Raft first chooses a server as the leader, and then makes the leader fully responsible for managing the log copies in the system. The Leader accepts log entries from the client, copies them to other servers, and tells the server when it is safe to apply log entries to its state machine. Simplify the management of log copies through Leader management. For example, the leader can decide to put new entries in the log without consulting other servers, and the data flows from the leader to other servers (followers or candidates) in a simple way. The leader may fail or disconnect from other servers, in which case, a new leader will be selected.

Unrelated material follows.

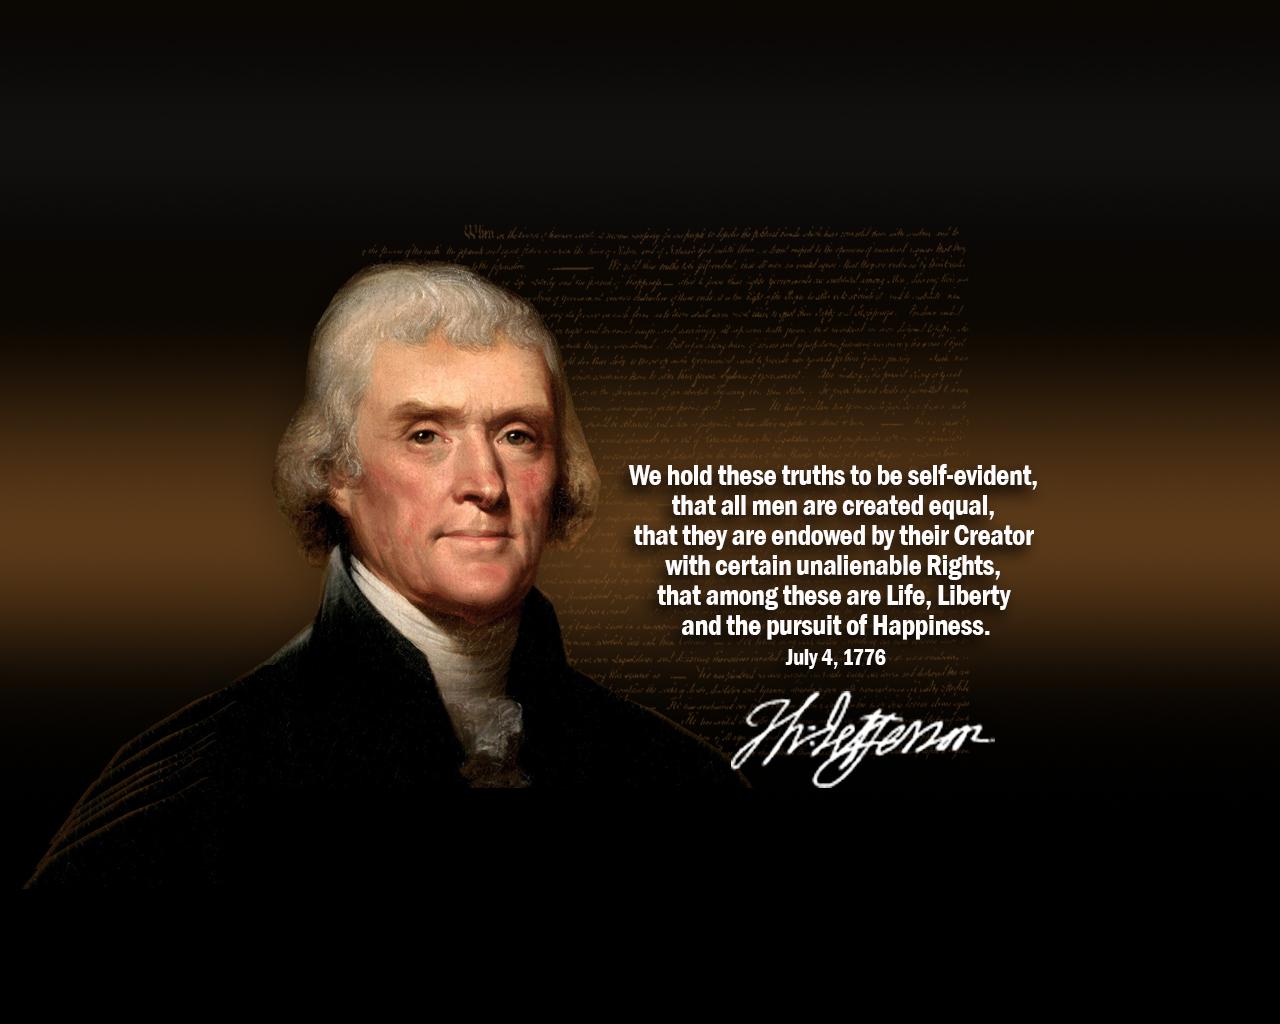 jefferson quote declaration wallpaperjpg 1280x1024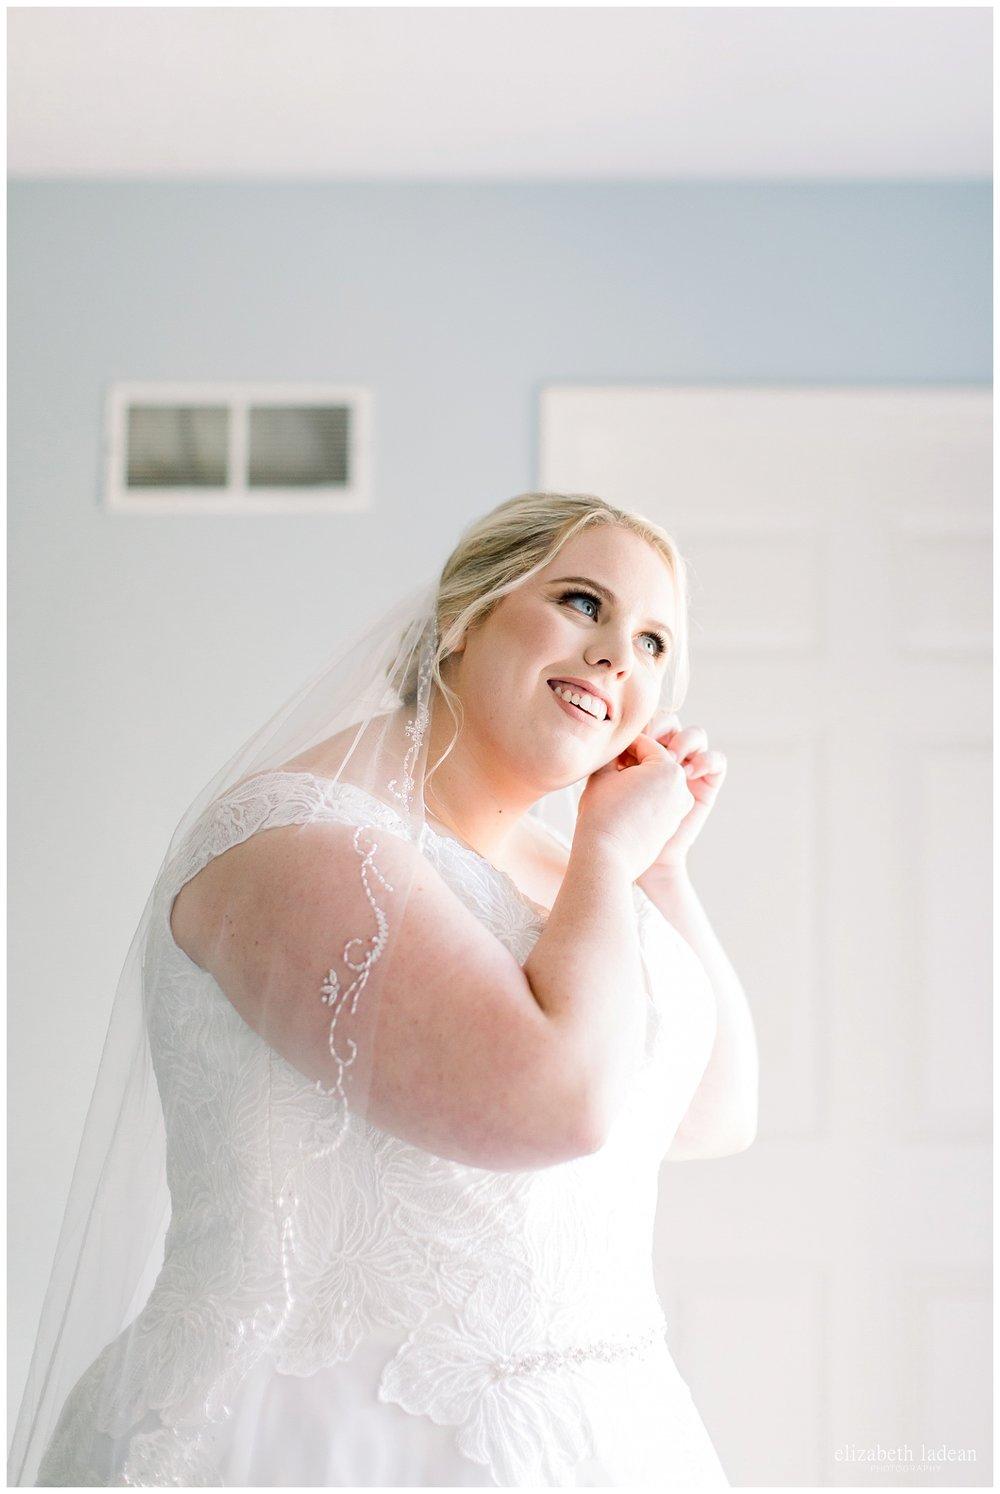 -Legact-at-Green-Hills-Kansas-City-Wedding-Photographer-L+B-1020-elizabeth-ladean-photography-photo_2075.jpg

Raft algorithm decomposes the consistency problem into three relatively independent sub-problems through the leader-based method:
After introducing the Raft consensus algorithm, this chapter discusses the availability, the role of timing in the system (section 3.9) and the optional extension of the Leader transformation between servers (section 3. 10).
Figure 3- 1 shows the key elements, operations and principles of the Raft algorithm. Because the whole picture is too big, we will divide this big picture into four small pictures to illustrate.
Figure 3- 1 state (state)
1. Persistent state on all servers (persistent state on all servers)

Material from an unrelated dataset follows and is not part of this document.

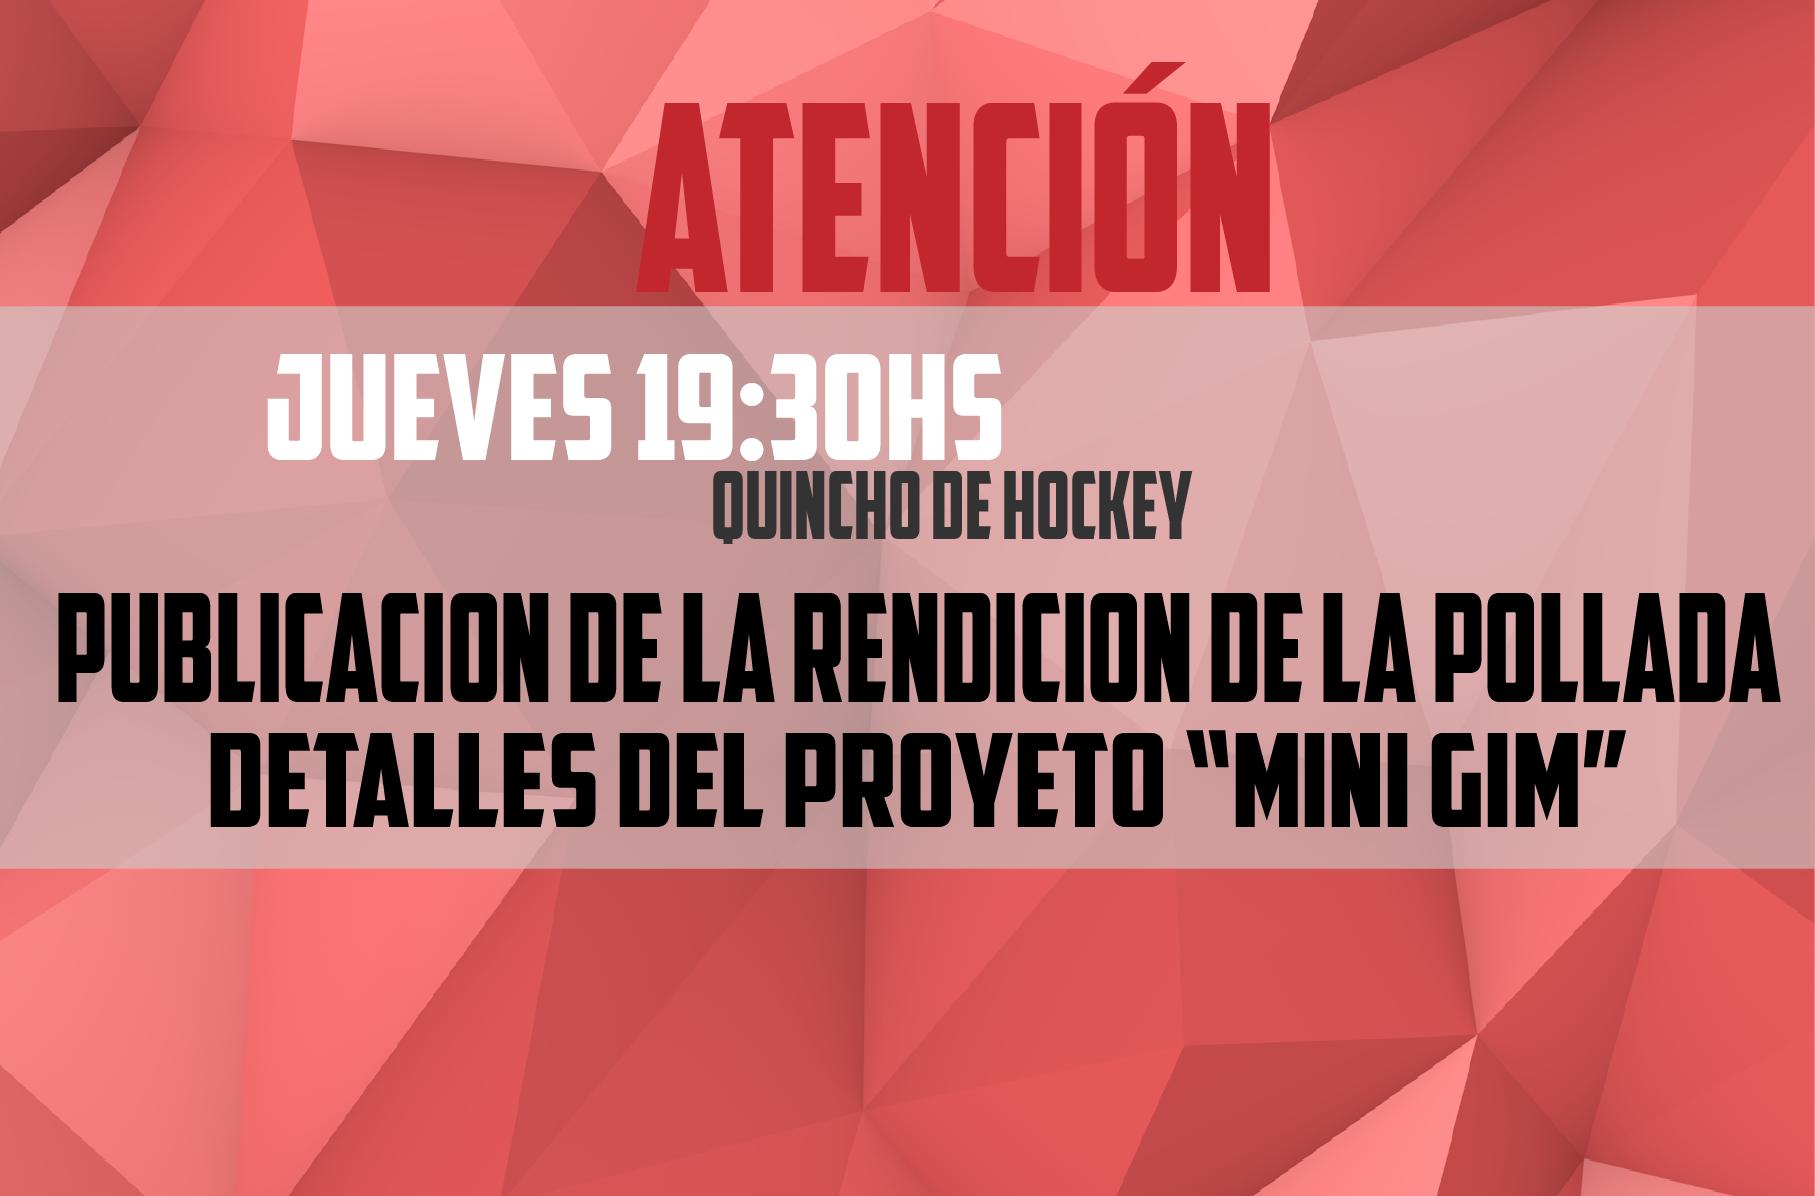 Hockey - Minigimnasio - atencion

(Update local persistent store before replying to RPC request)
& ltcenter style = " box-sizing:border-box; Margin-top: 0px margin-bottom: 0px color: rgb( 192, 192,192); Text decoration: underline; " & gt figure 3.2-2 RPC < /center >
(Candidates refer to this request as collecting votes.)
3. AppendeEntries RPC is an RPC request, which is used to synchronize log entries between leaders and followers. Through this RPC request, the leader requests followers to add log entries to realize the synchronization of logs.
(Called by the leader for the backup of log entries, and this request will also shoulder the function of heartbeat check)
To illustrate the comparison scheme between prevLogIndex and prevLogTerm, please refer to the following figure.
In the figure, the term of the leader and the follower is 3, and the logentries in the leader are newer than those in the follower, so the leader needs to send an AppendEntries request to let the follower synchronize these logentries. That is, previewindex and previewterm in RPC request are i- 1 and 3 respectively. When the follower receives this RPC request, the index of its current log entry is I- 1, and the term of office is 3, which matches the previewindex and previewterm in the RPC message, so the follower can use the log entry in entries[] to fill in its I to N. If the index of the latest log entry of the follower (here temporarily referred to as FollowerIndex) is not equal to i- 1, The first is follower index < PrevLogIndex, which means that the follower's log is still missing, so the follower will reply false, and the leader will update PrevLogIndex, prevLogTerm and entries[] again and initiate an AppendEntries request (which will be described in detail in the next chapter); In chapter 2, we follow the index & gtprevLogIndex, which means that Follower synchronizes the log entries after PrevLogIndex and prevLogTerm. However, is the content of the latter log entry the same as that in the RPC request? And is the content in the journal entries of prevLogIndex and prevLogTerm the same as that of the Leader? "The questions here will be updated after reading the content."
& lt& lt previous chapter: the purpose of Raft algorithm
Next chapter: Raft algorithm foundation.